Let nothing that I have written (or may write in the future) that criticizes Indiana Governor Eric Holcomb's actions or decisions be taken as a reason to dislike him as a person.  I take the time to state this explicitly because I have raised objections to some of his actions and decisions, this year -- actions and decisions relating to the COVID-19 pandemic -- and in raising those objections, I have pointed out extraordinary and unusually serious problems with the course of policy that the Governor's office has pursued.  If someone reading what I have written were to assign the full weight of the blame for these problems to Governor Holcomb himself (and deem those problems a consequence of his character and judgment), saving nothing for the pandemic itself, that would be a very heavy weight -- and a weight that I have no interest in placing on anyone.

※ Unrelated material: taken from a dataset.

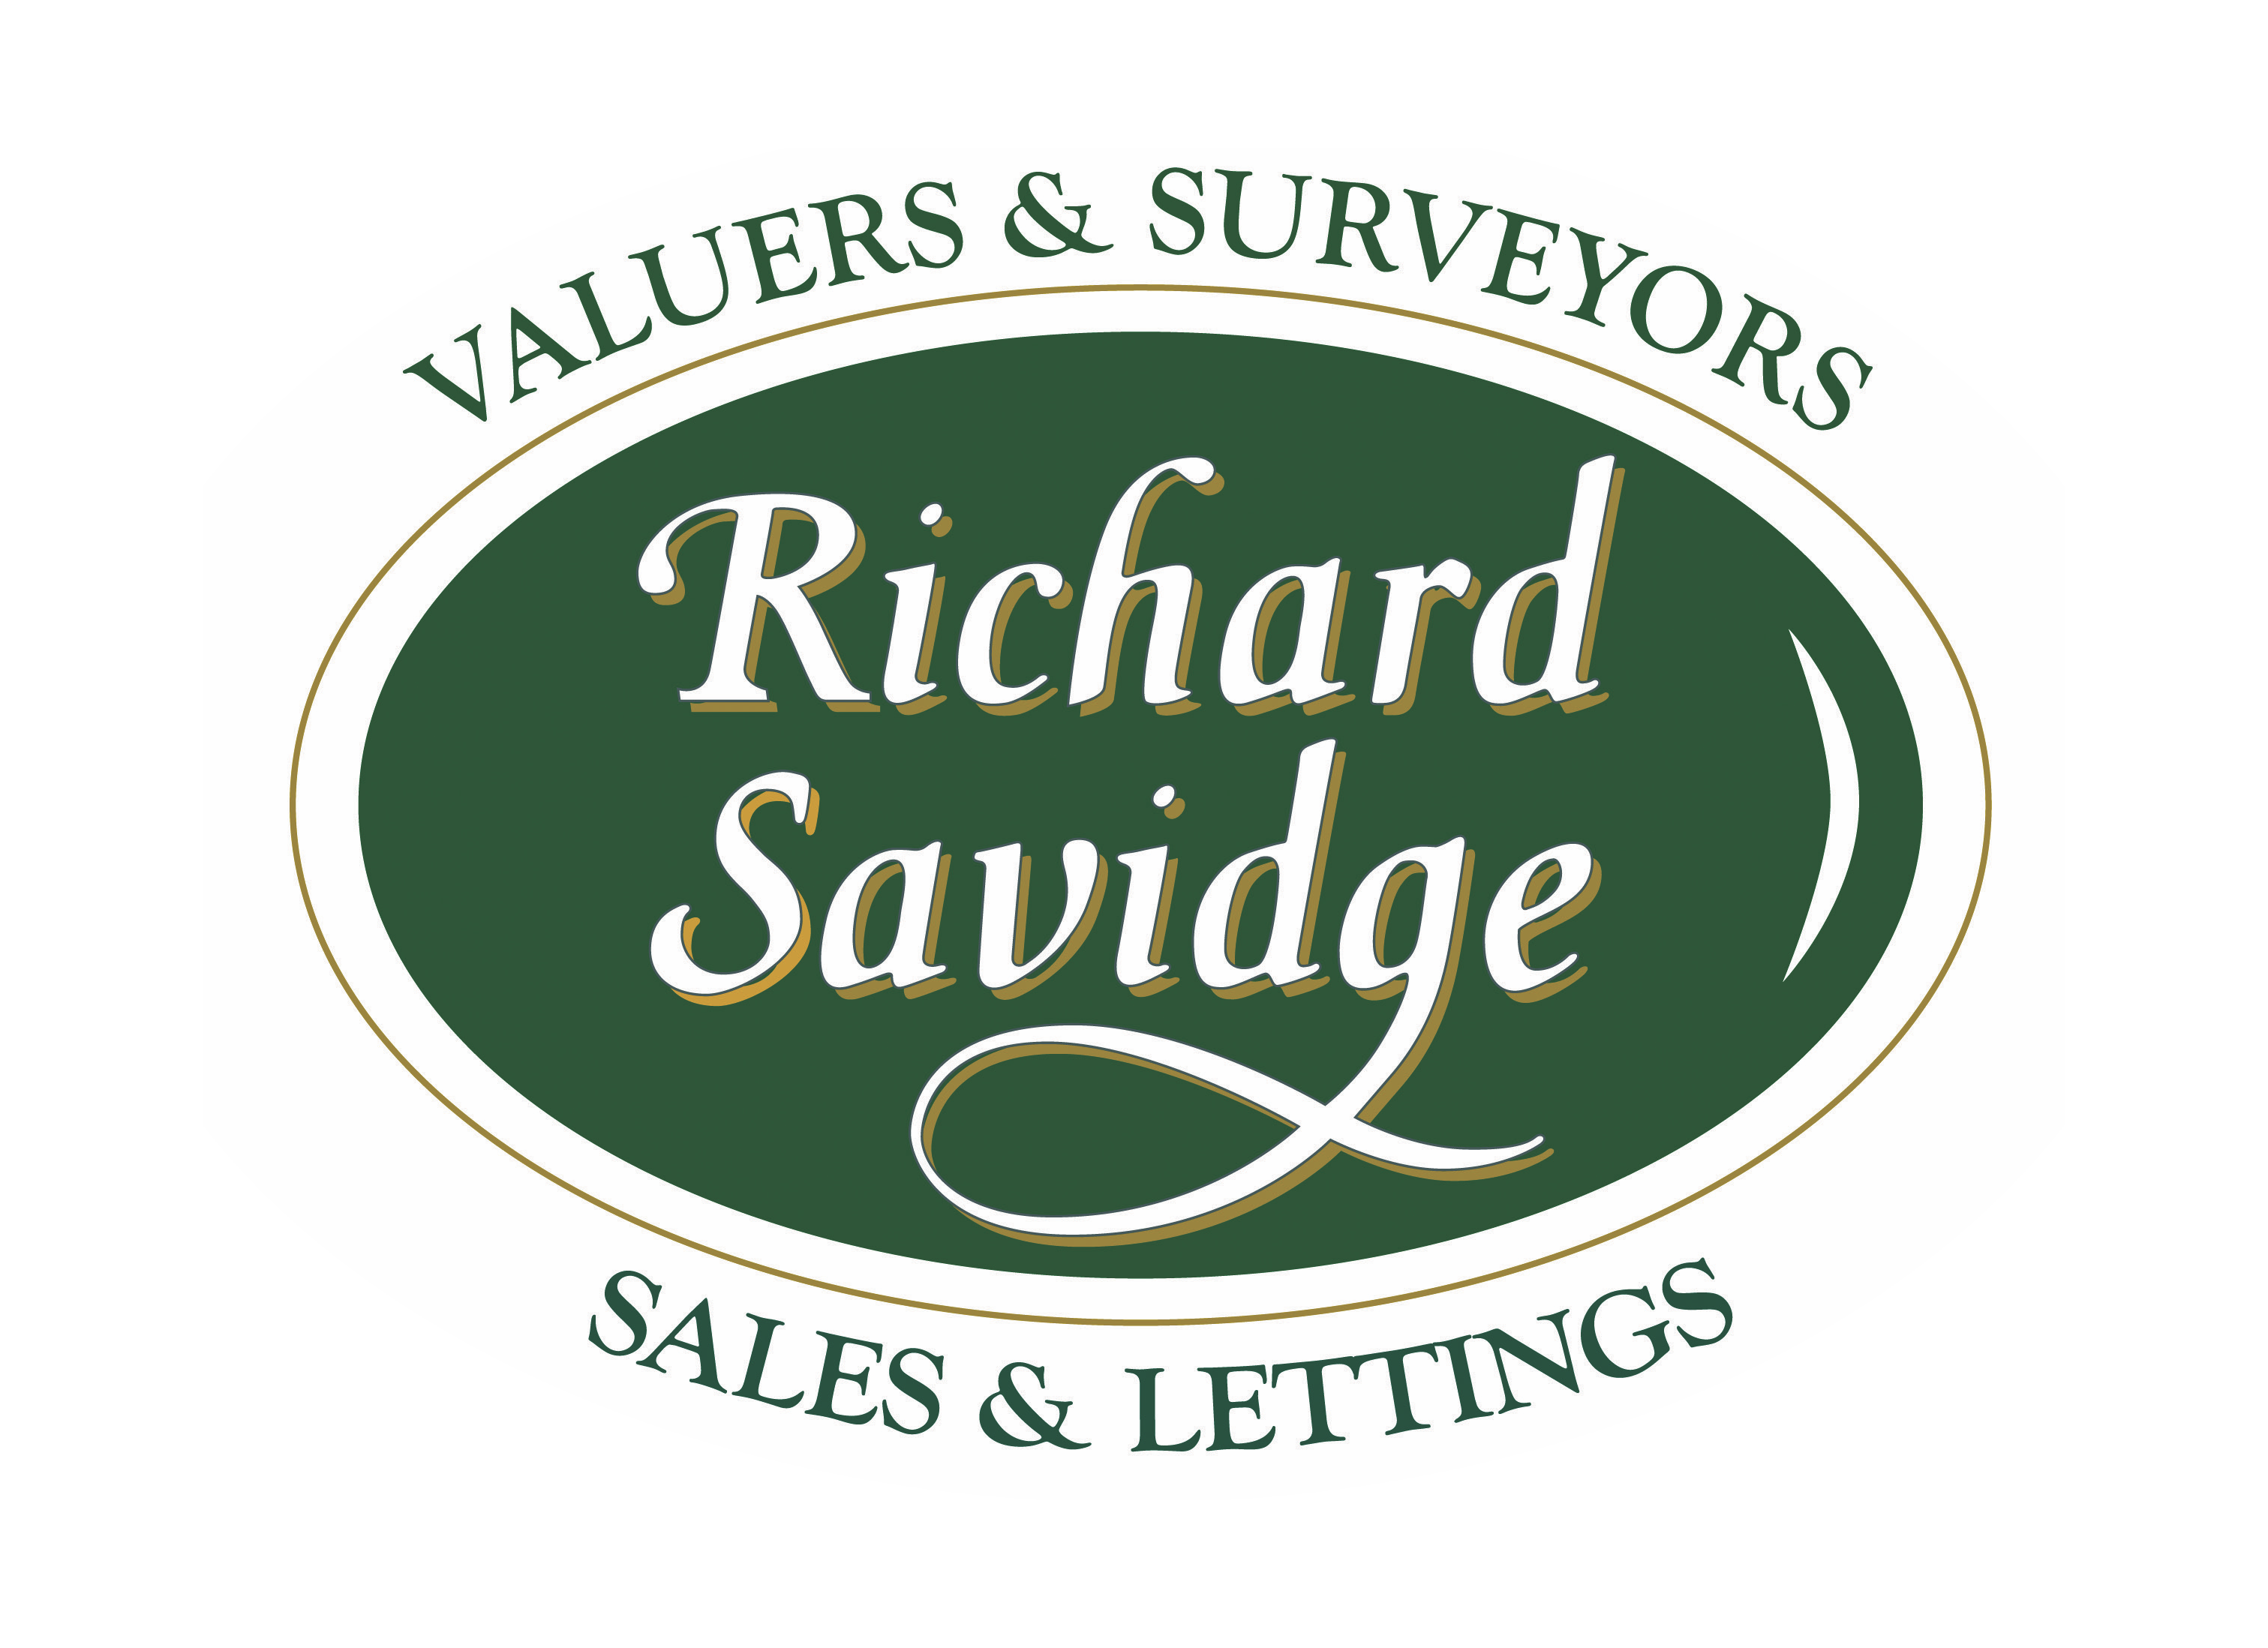 Richard Savidge Sales & Lettings

In my writing, my focus has been on these policies themselves, not on distributing the blame for them.  If I were, however, to assume responsibility for judging Governor Holcomb for the actions (the objectionable ones) that he has taken in relation to the pandemic, this year, I would keep in mind how important the difference is between taking those actions in 2020 (as Governor Holcomb has) and taking those actions in 2017, 2018, or 2019 (which he did not do), and I would assign to the coronavirus the quantum of blame appertaining to that difference before deciding how to allocate the remainder.

This is not to say that a pandemic justifies or excuses whatever actions might be taken or whatever decisions might be made in response to it.  It is also not meant to suggest that a governor's decisions in relation to a pandemic cannot reflect in some way on that governor's character or judgment.  My point is nothing more than that the objections that I have raised concern the policies (or the means used to implement them) themselves, but that if I had any interest in assigning blame for the problems with those policies, I would reserve for the pandemic the share that it is due.